■ **Supplied material**:
┄┄┄┄┄┄┄┄┄┄┄┄┄┄┄┄┄┄┄┄

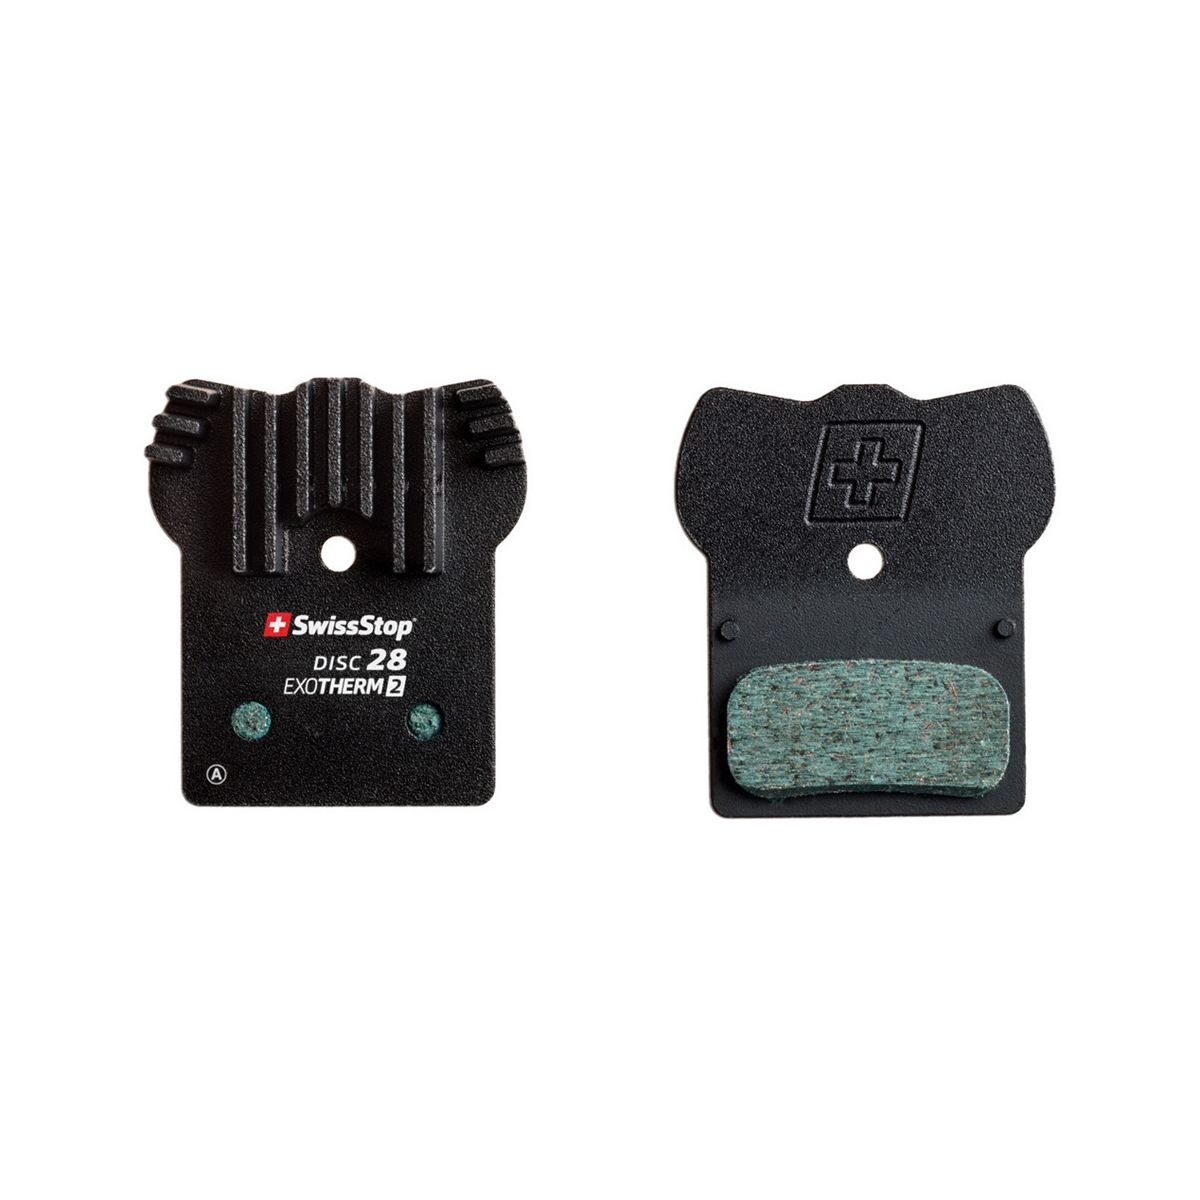 Disc Brake Pads Pair Disc 28 EXOTherm2 Organic Shimano XTR / XT / SLX / Deore, FSA, Rever
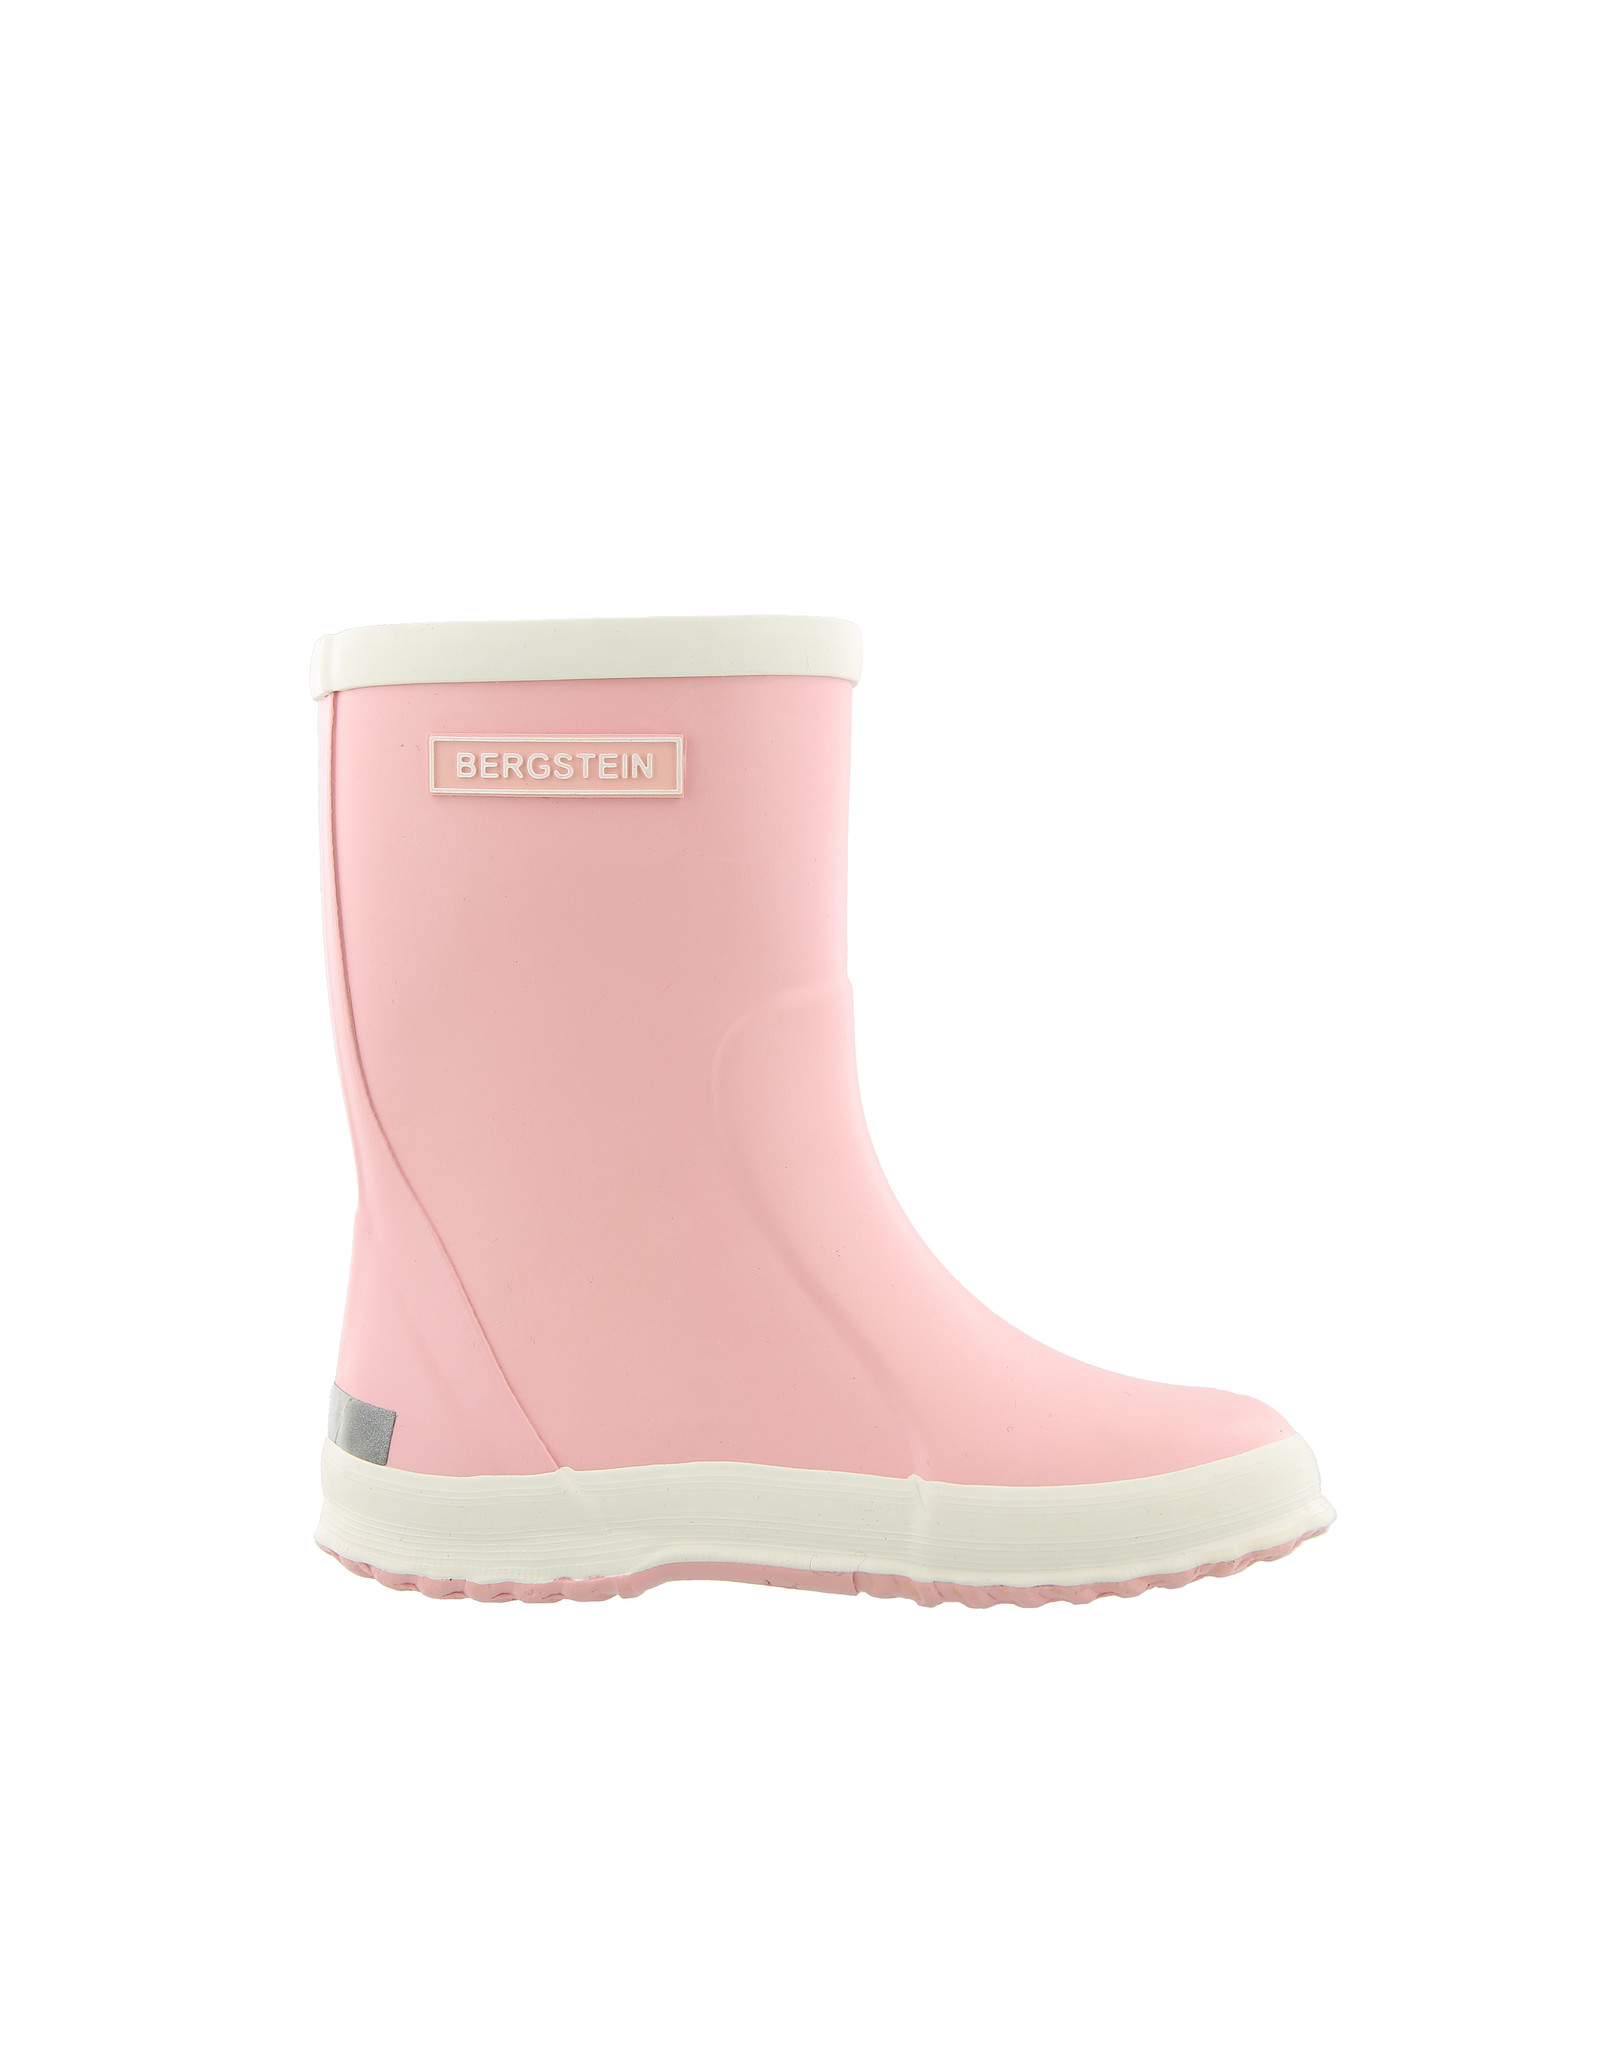 Bergstein Bergstein Regenlaars Soft Pink
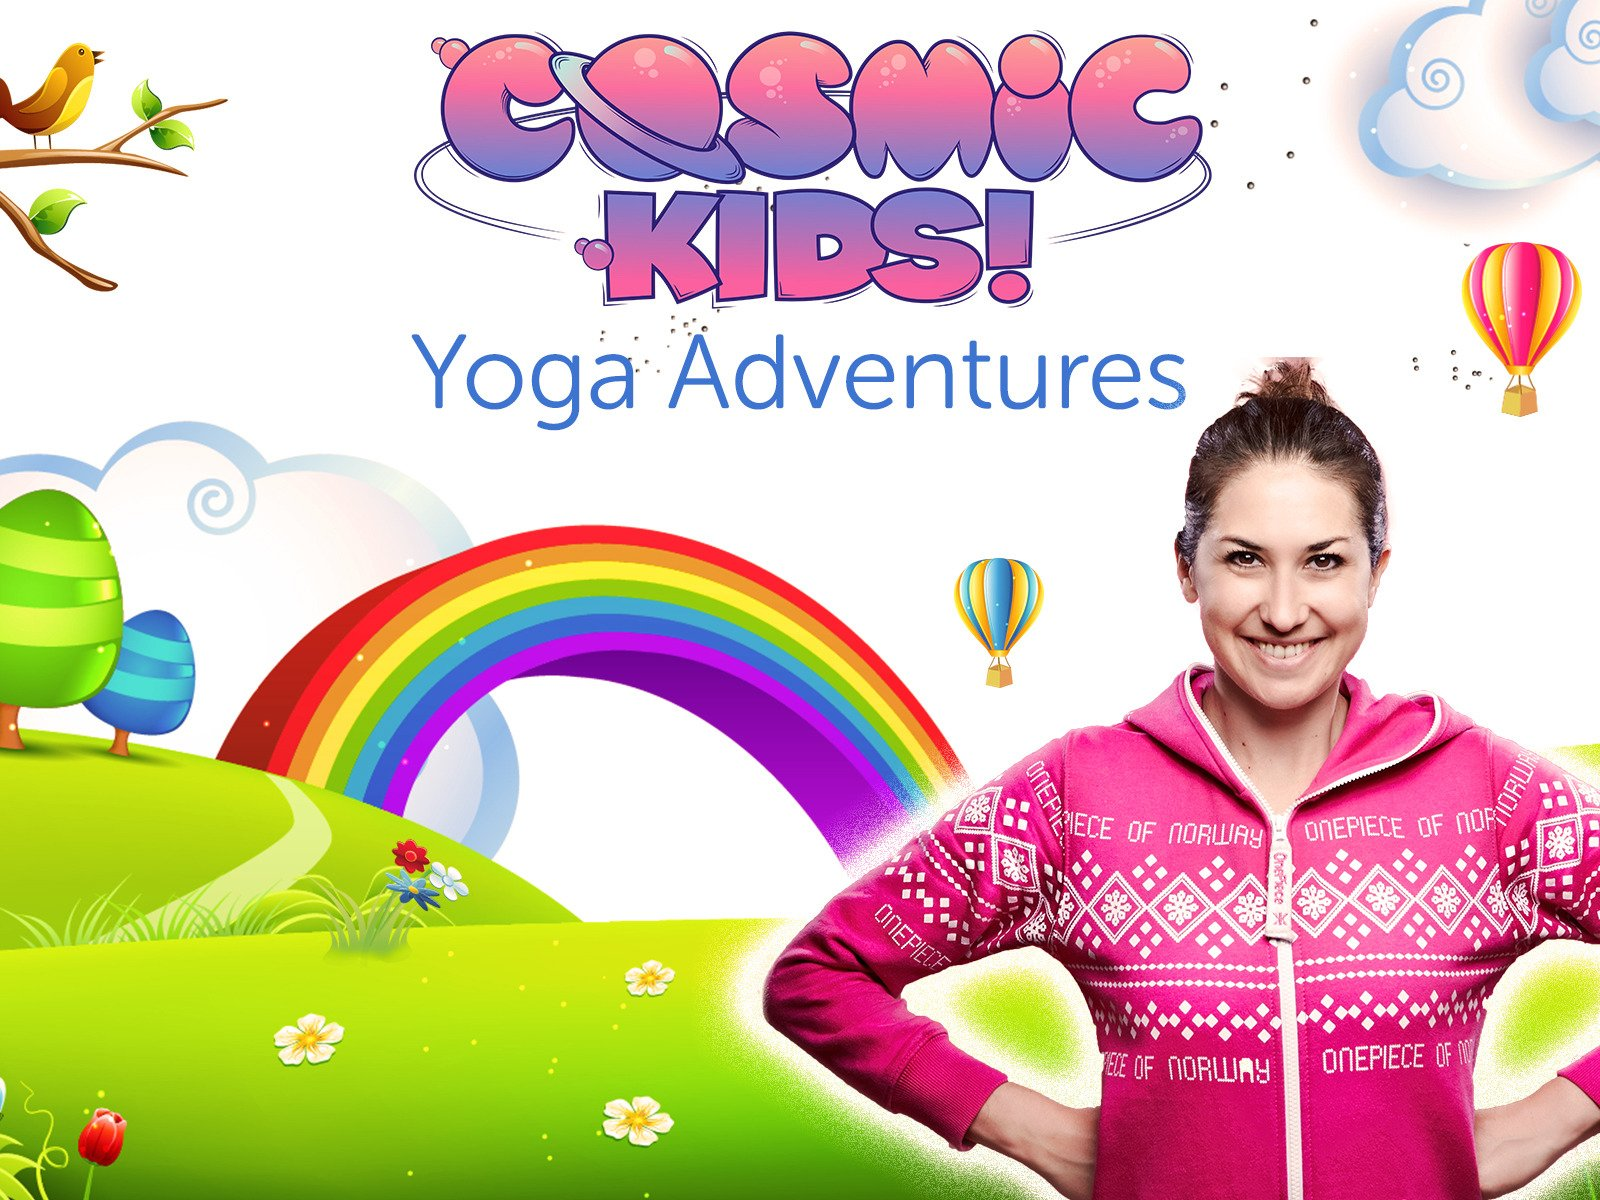 Watch Cosmic Kids Yoga Adventures On Amazon Prime Video Uk Newonamzprimeuk

┄┄┄┄┄┄┄┄┄┄┄┄┄┄┄┄┄┄┄┄

■ **Prompt**: Each line of the listing above must be given again exactly; the pictures are to be left out.

■ **Solution to this task**:
 Disc Brake Pads Pair Disc 28 EXOTherm2 Organic Shimano XTR / XT / SLX / Deore, FSA, Rever
 Bergstein Bergstein Regenlaars Soft Pink
 Watch Cosmic Kids Yoga Adventures On Amazon Prime Video Uk Newonamzprimeuk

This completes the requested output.